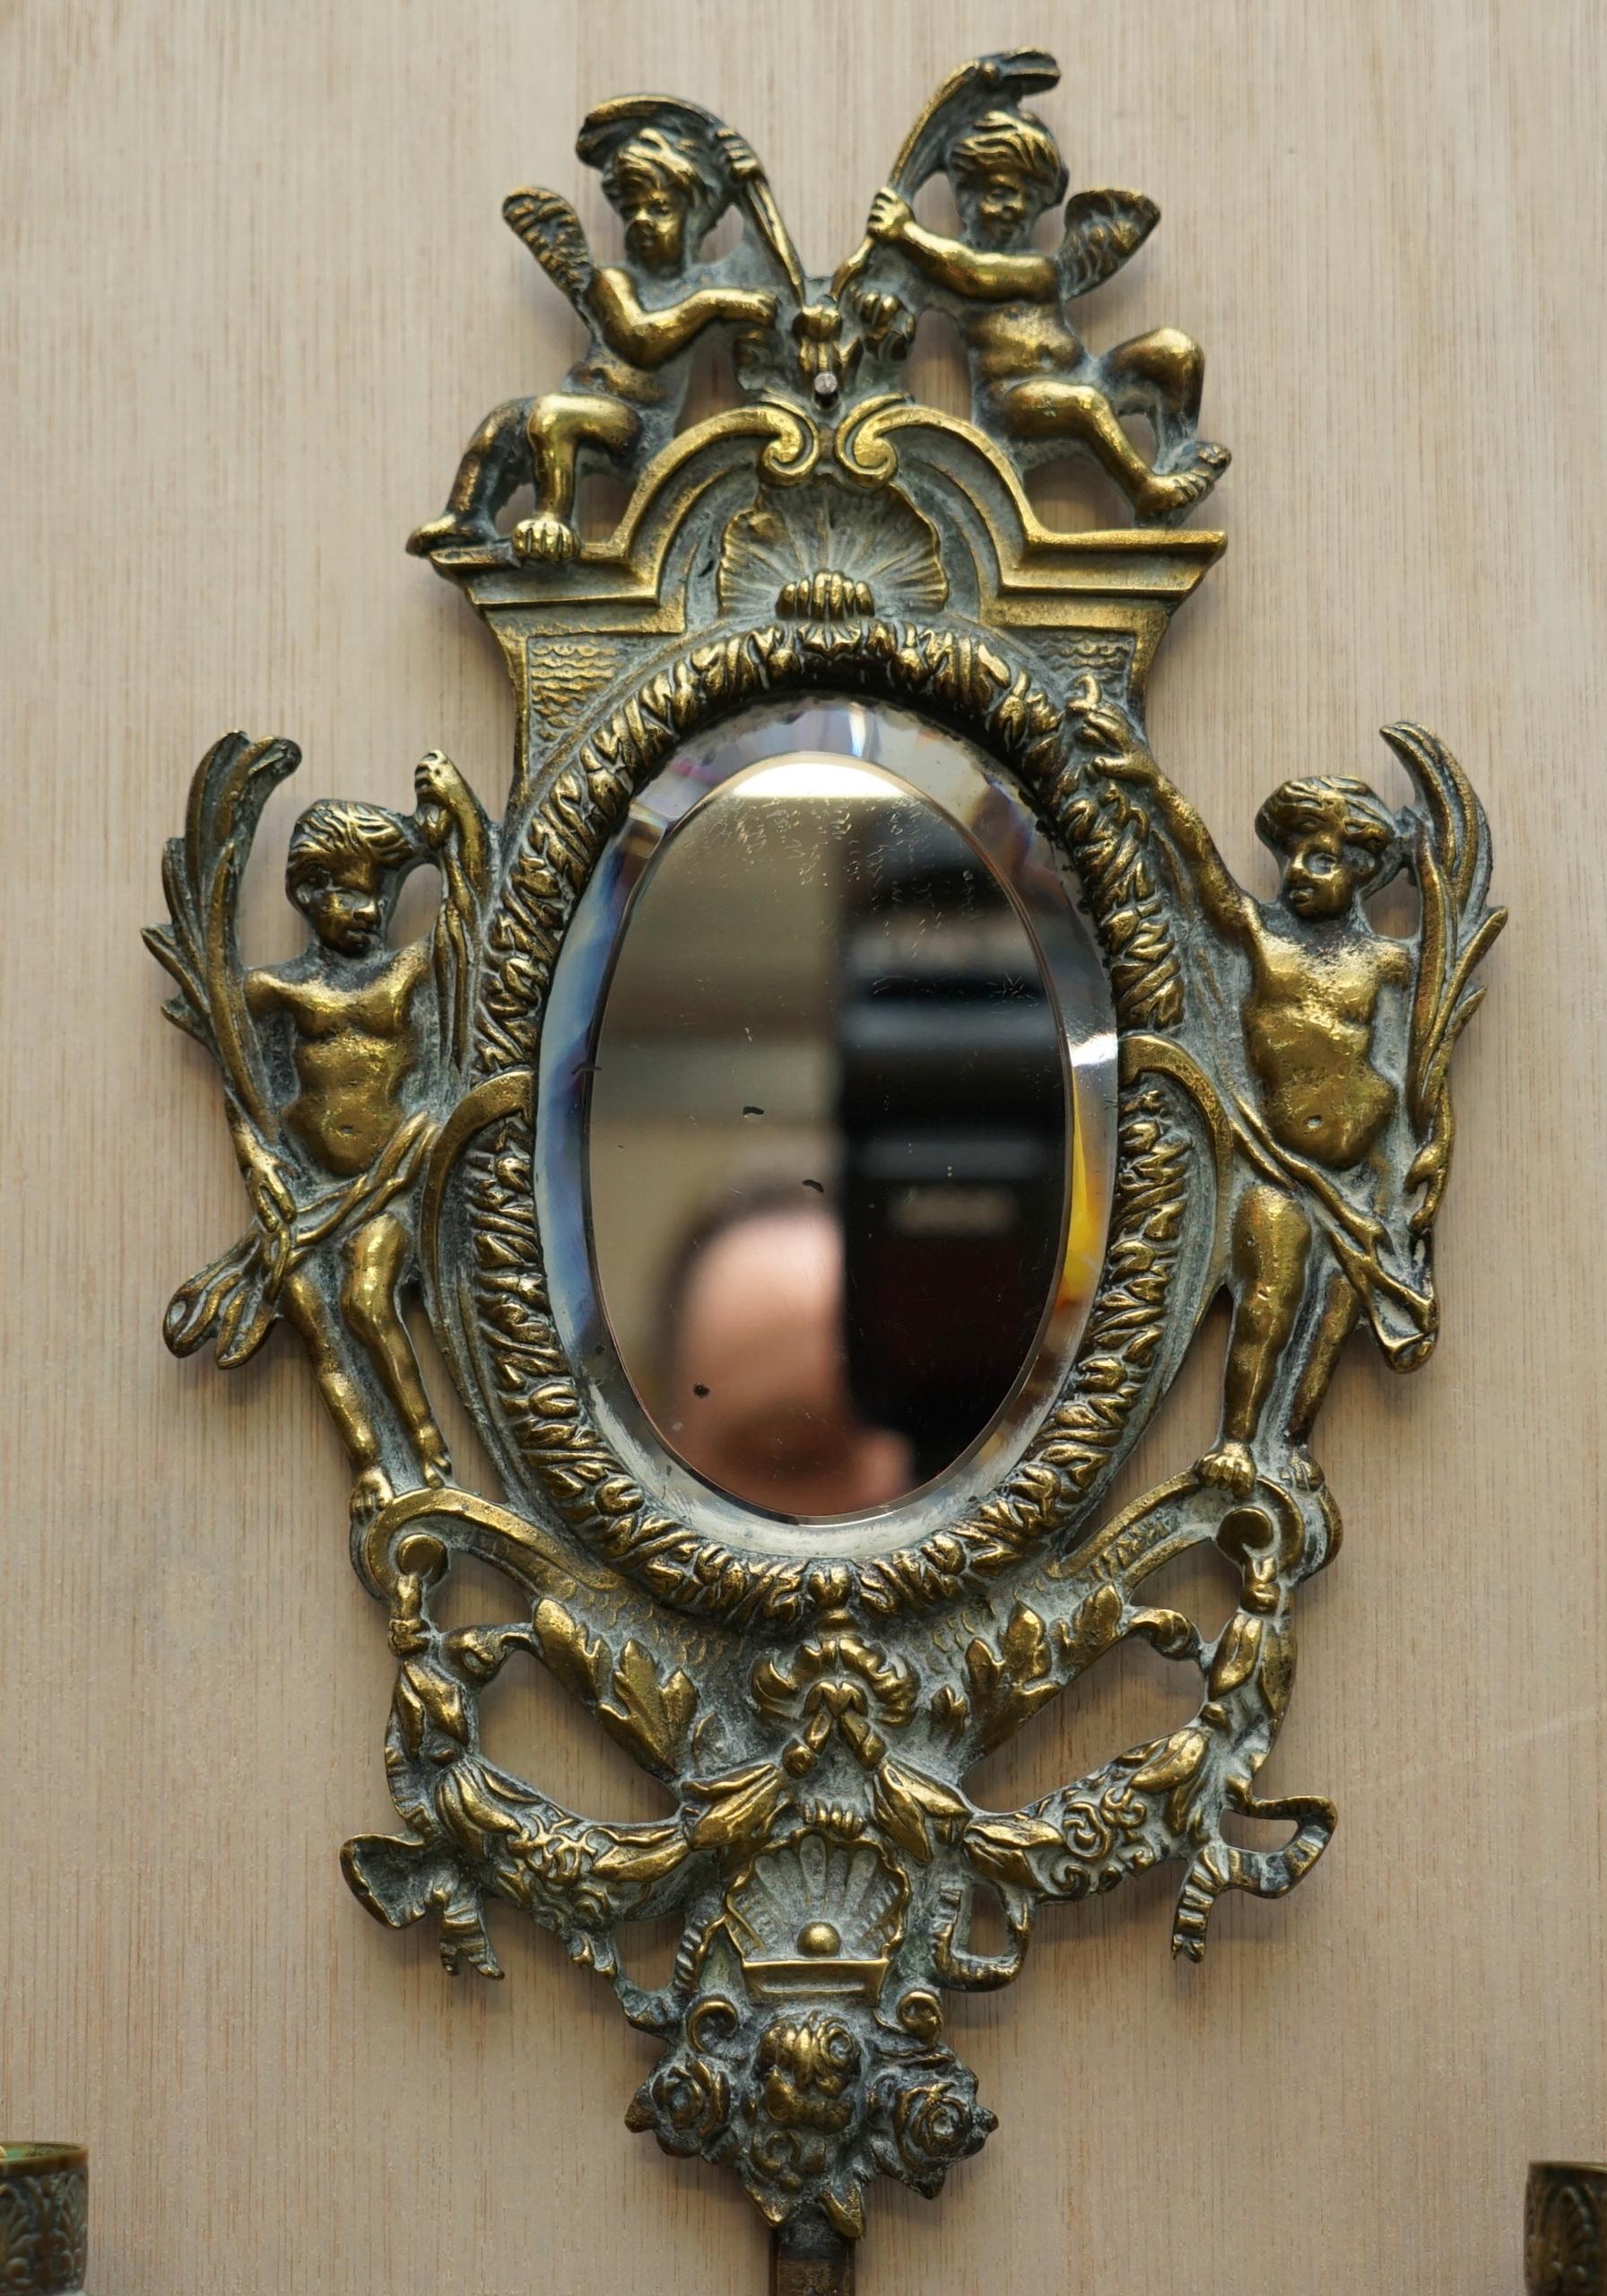 Hand-Crafted Pair of Antique French Rococo Cherub Brass Girandole Mirrors Candelabra Sconces
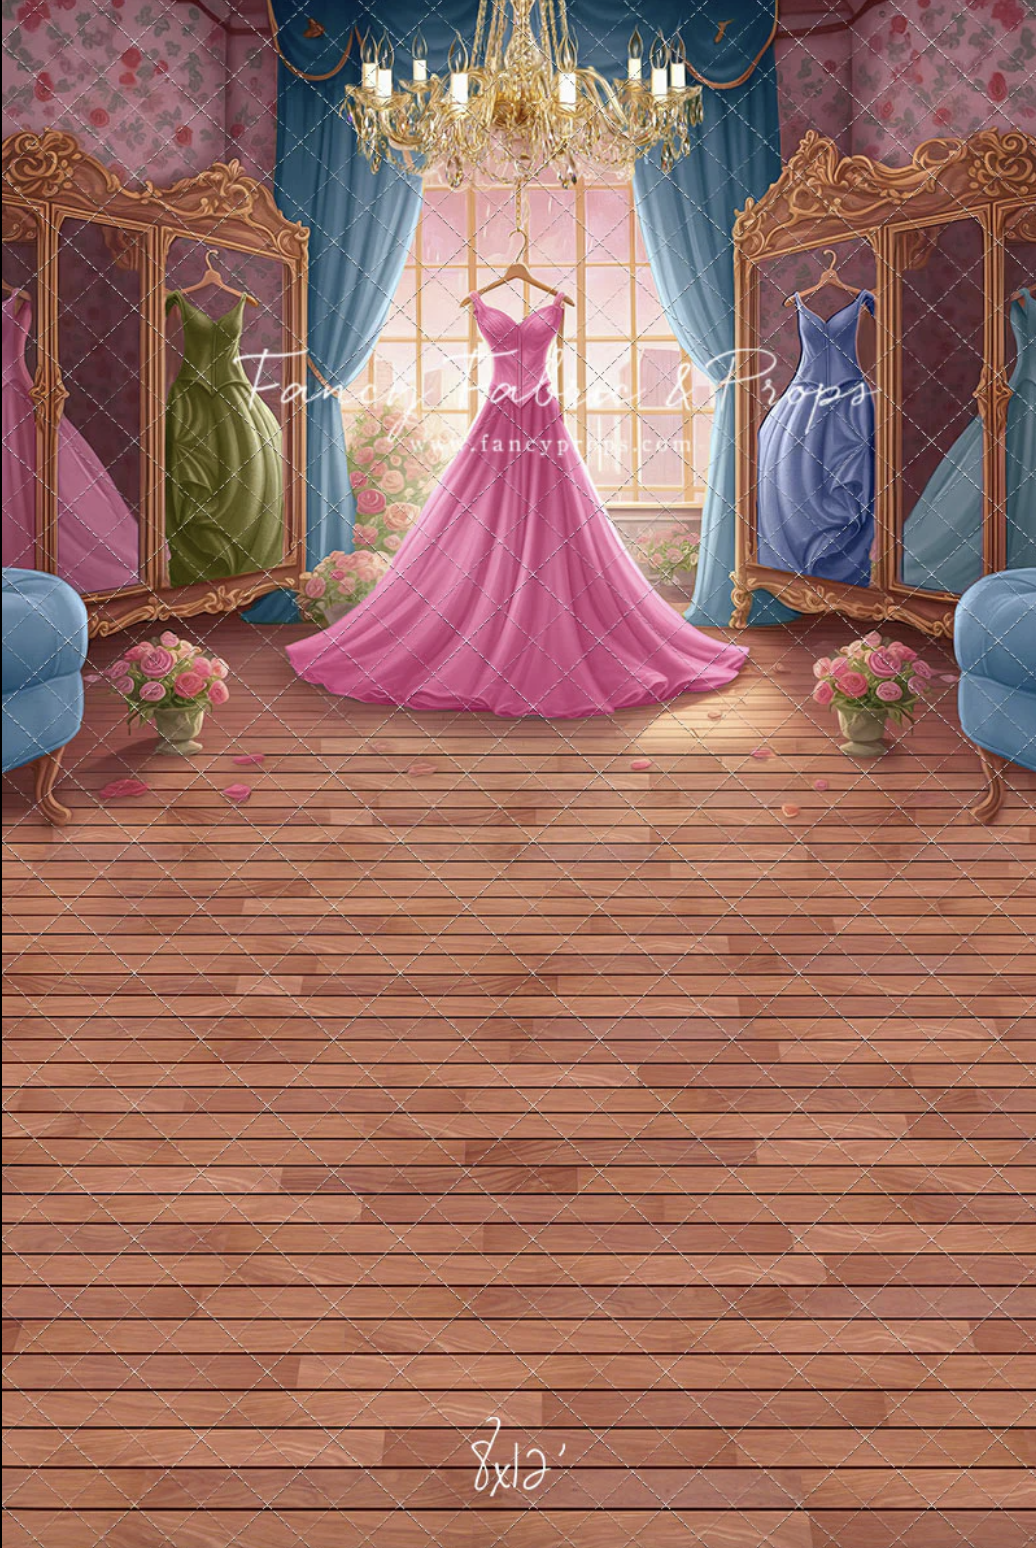 Dress Like A Princess - Pink Dress:Blue Curtains 8x12
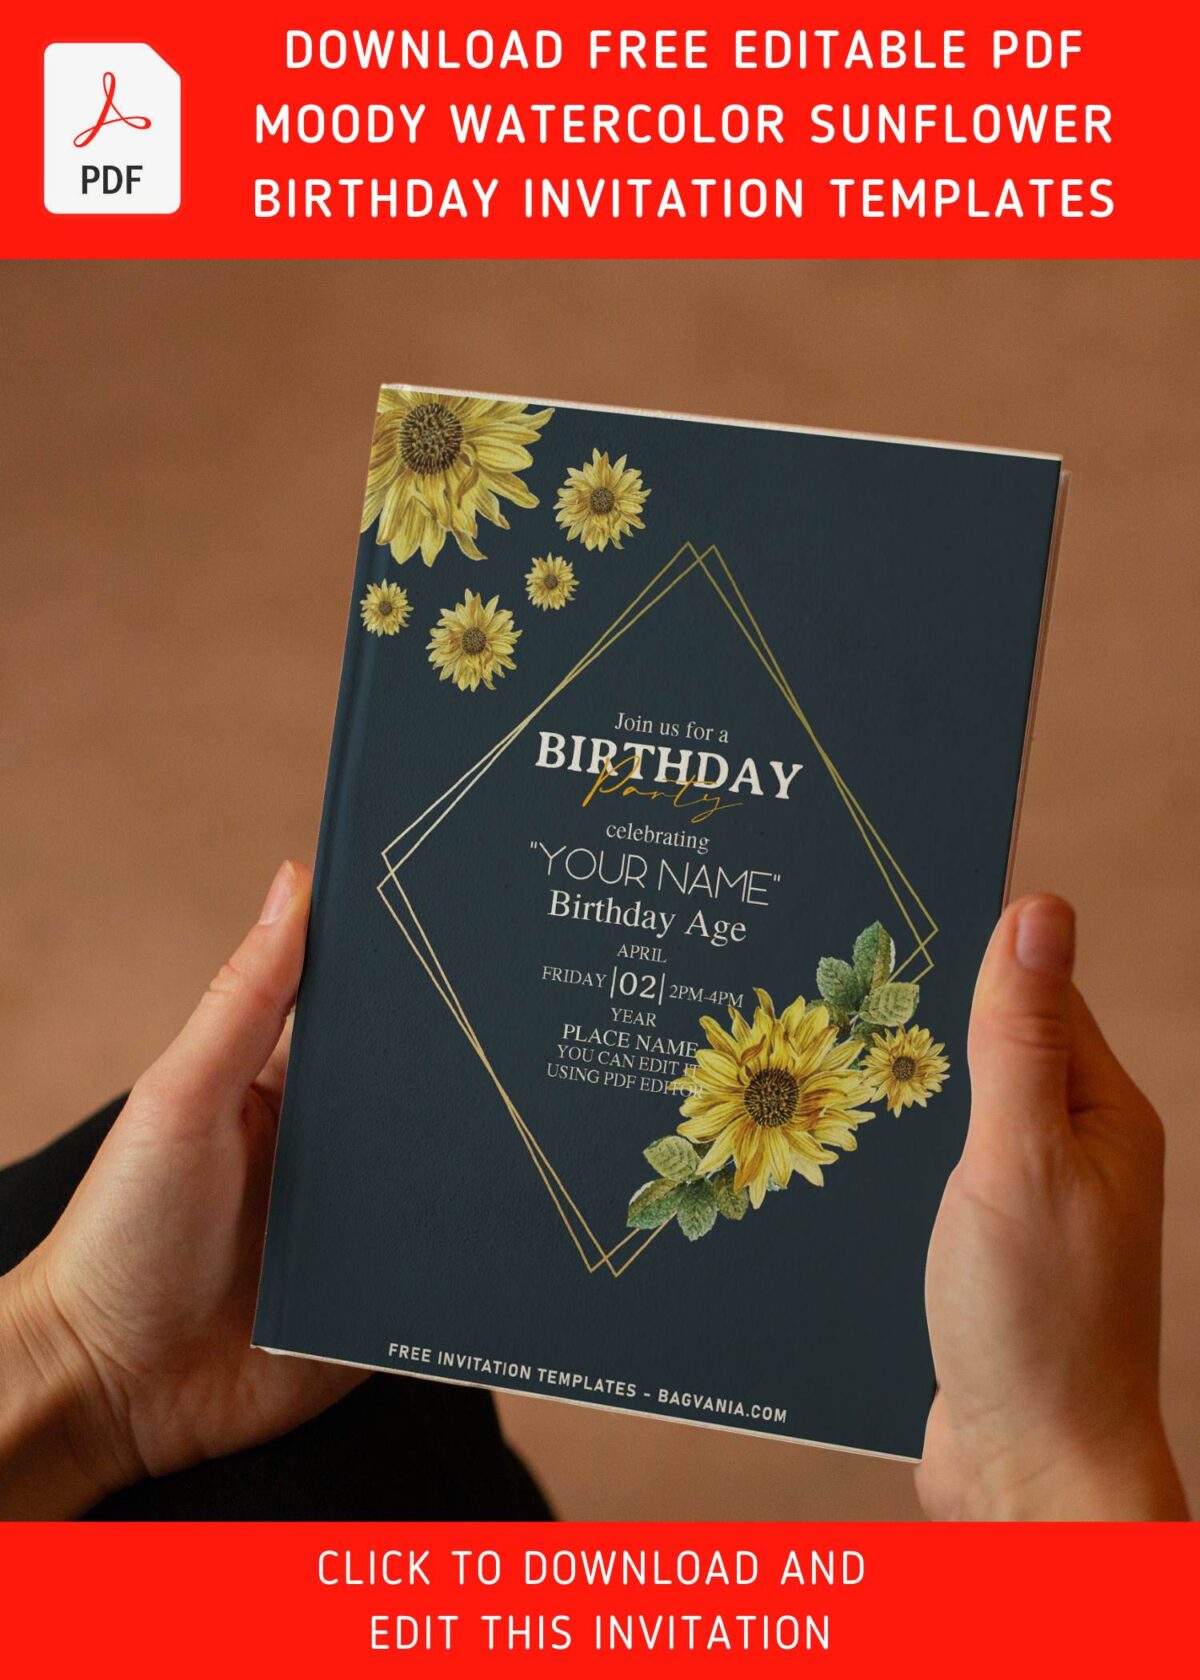 (Free Editable PDF) Moody Warm Summer Sunflower Invitation Templates with elegant scripts
++++++
EXERCISE INSTRUCTIONS: The job is to return the listing above exactly, minus its pictures.

TASK OUTPUT:
 Hand-Crafted Pair of Antique French Rococo Cherub Brass Girandole Mirrors Candelabra Sconces
 Dress Like A Princess - Pink Dress:Blue Curtains 8x12
 (Free Editable PDF) Moody Warm Summer Sunflower Invitation Templates with elegant scripts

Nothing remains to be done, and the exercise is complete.